L’Association of Accessible Medicines (AAM), qui représente les fabricants de génériques aux États-Unis, a averti que le nouveau dispositif risquait de rendre économiquement inviable une partie importante de l’offre de génériques.
Une réaction immédiate des marchés et des partenaires étrangers
L’annonce de Donald Trump a provoqué une réaction rapide sur les marchés financiers et parmi les partenaires commerciaux des États-Unis. En Inde, premier fournisseur de génériques du marché américain, les actions des grands groupes pharmaceutiques ont reculé à la Bourse de Bombay le 22 juillet 2026.
New Delhi mise désormais sur les négociations ouvertes dans le cadre d’un accord commercial bilatéral signé en février 2026, qui prévoyait des dispositions spécifiques pour le secteur des génériques.
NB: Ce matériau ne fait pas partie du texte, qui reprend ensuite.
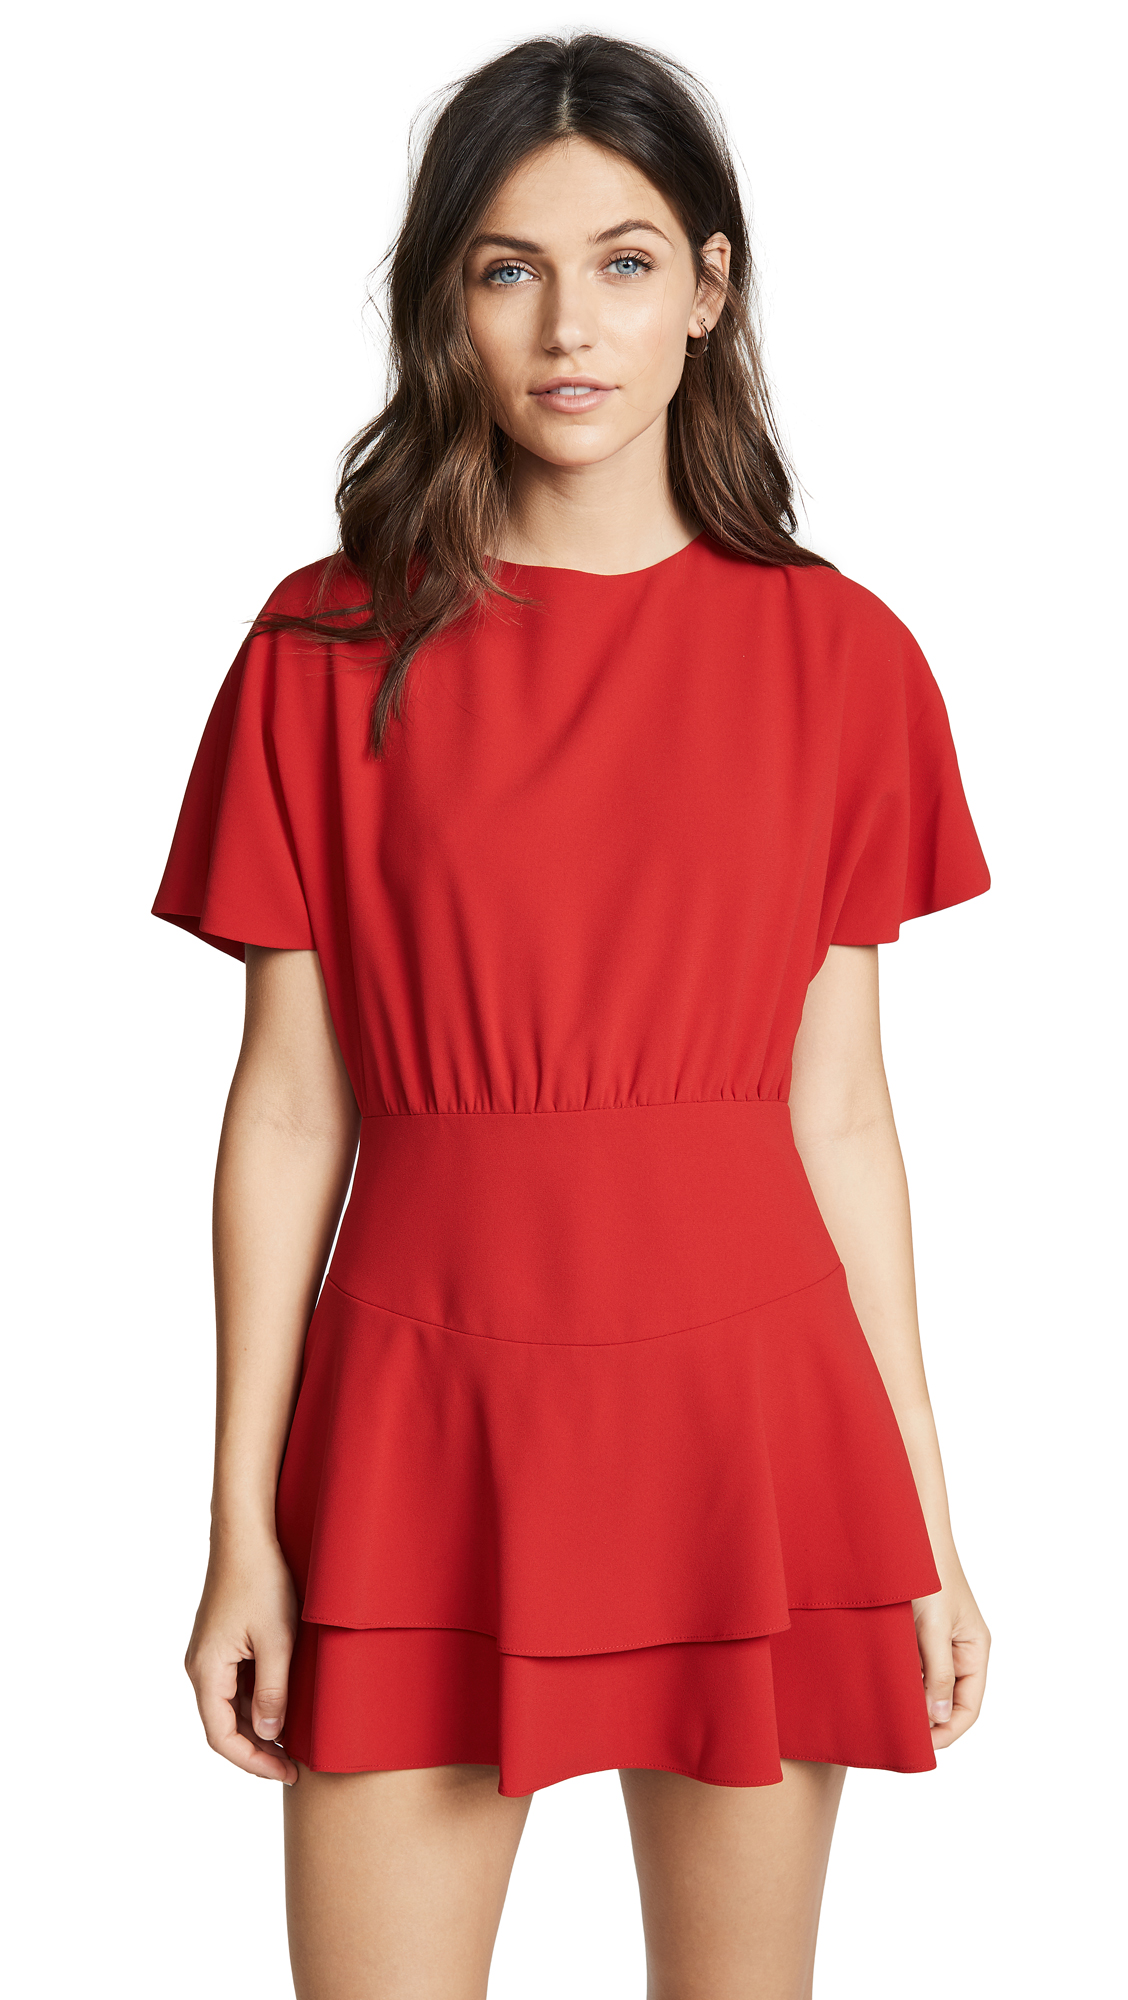 alice + olivia Palmira Tiered Ruffle Dress In Ruby
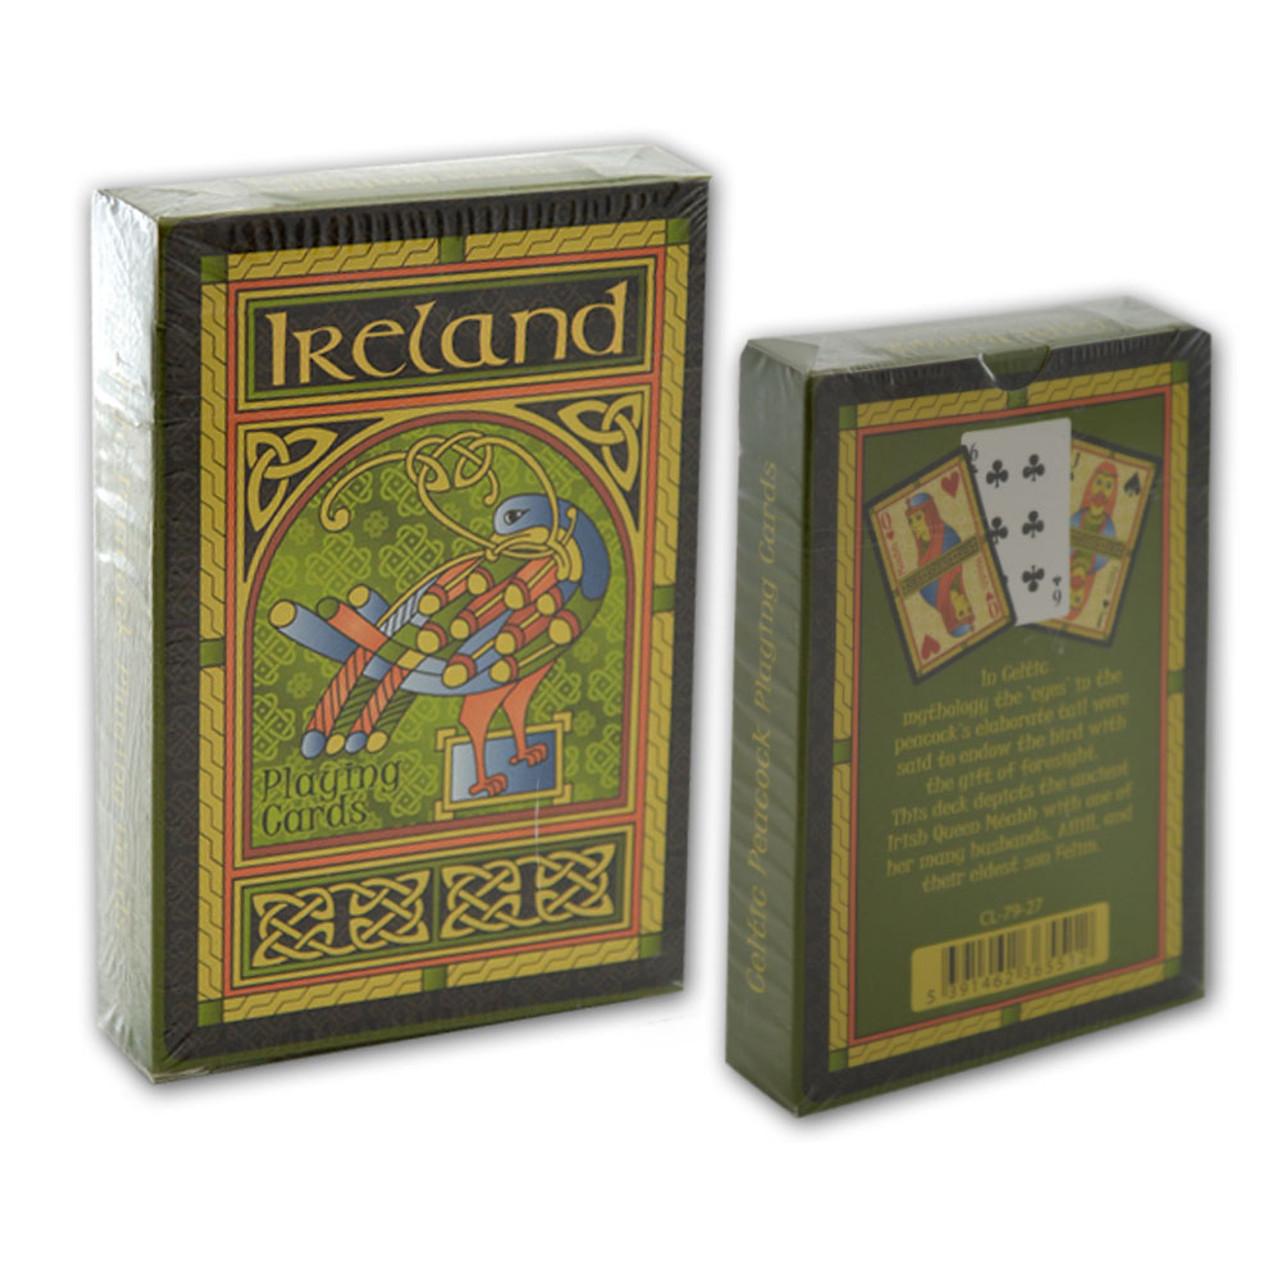 Irish Playing Cards in 3 Styles

Le gouvernement indien espère obtenir des aménagements ou des exemptions partielles, sans que des engagements concrets aient été annoncés pour l’heure.
Je fais part de ma profonde préoccupation face à un bras de fer commercial susceptible de perturber fortement l’accès à des traitements de base comme les antibiotiques et les antalgiques. J’appelle l’Union européenne à accélérer le renforcement de sa propre souveraineté pharmaceutique pour limiter les risques de répercussions sur ses approvisionnements.
Elio Di Rupo, ancien Premier ministre belge
La Commission européenne rappelle de son côté qu’un accord commercial conclu au début de l’année 2026 prévoyait que les médicaments génériques demeurent exemptés de droits de douane. L’organisation professionnelle Medicines for Europe plaide pour le maintien de flux commerciaux sans barrières, estimant qu’un durcissement généralisé des conditions d’accès au marché américain pourrait fragiliser l’ensemble de la chaîne mondiale d’approvisionnement en médicaments abordables.
Une stratégie sanitaire et commerciale aux effets incertains
La nouvelle politique tarifaire s’inscrit dans un ensemble plus large de mesures de l’administration Trump visant le secteur pharmaceutique. Le lancement, le 5 février 2026, de la plateforme TrumpRx.gov permet déjà aux Américains de comparer les prix et d’accéder à des remises négociées directement avec les laboratoires. Les hausses de droits de douane sont présentées comme un volet complémentaire de cette stratégie censée, selon la Maison-Blanche, renforcer la capacité du pays à produire et à négocier ses médicaments.
De nombreux spécialistes jugent l’équation délicate : bien que la réduction de la dépendance vis-à-vis de l’Inde, de la Chine et de l’UE soit mise en avant pour la sécurité nationale, les effets à court et moyen termes sur le pouvoir d’achat des patients et la disponibilité des traitements restent largement imprévisibles.
À ce stade, aucun mécanisme de compensation directe pour les consommateurs n’a été détaillé pour accompagner la montée en puissance des droits de douane sur les génériques. Les industriels devront arbitrairement choisir entre absorber une partie des surcoûts, répercuter les hausses dans les prix finaux ou retirer certains médicaments du marché.
L’exécutif utilise la période de transition de deux ans pour encourager les groupes à investir rapidement aux États-Unis. Cependant, la lenteur de la mise en place des capacités industrielles, la concentration de la production d’API en Chine, et la domination de l’Inde et de l’Europe sur le marché des génériques rendent cette reconfiguration complexe et potentiellement coûteuse.
Dans ce contexte, la décision de Trump d’imposer des droits de douane massifs sur les médicaments génériques d’ici 2028 ouvre une séquence d’incertitude économique et sanitaire, dont les principaux effets sur les patients américains et les grands équilibres du commerce pharmaceutique international restent à mesurer.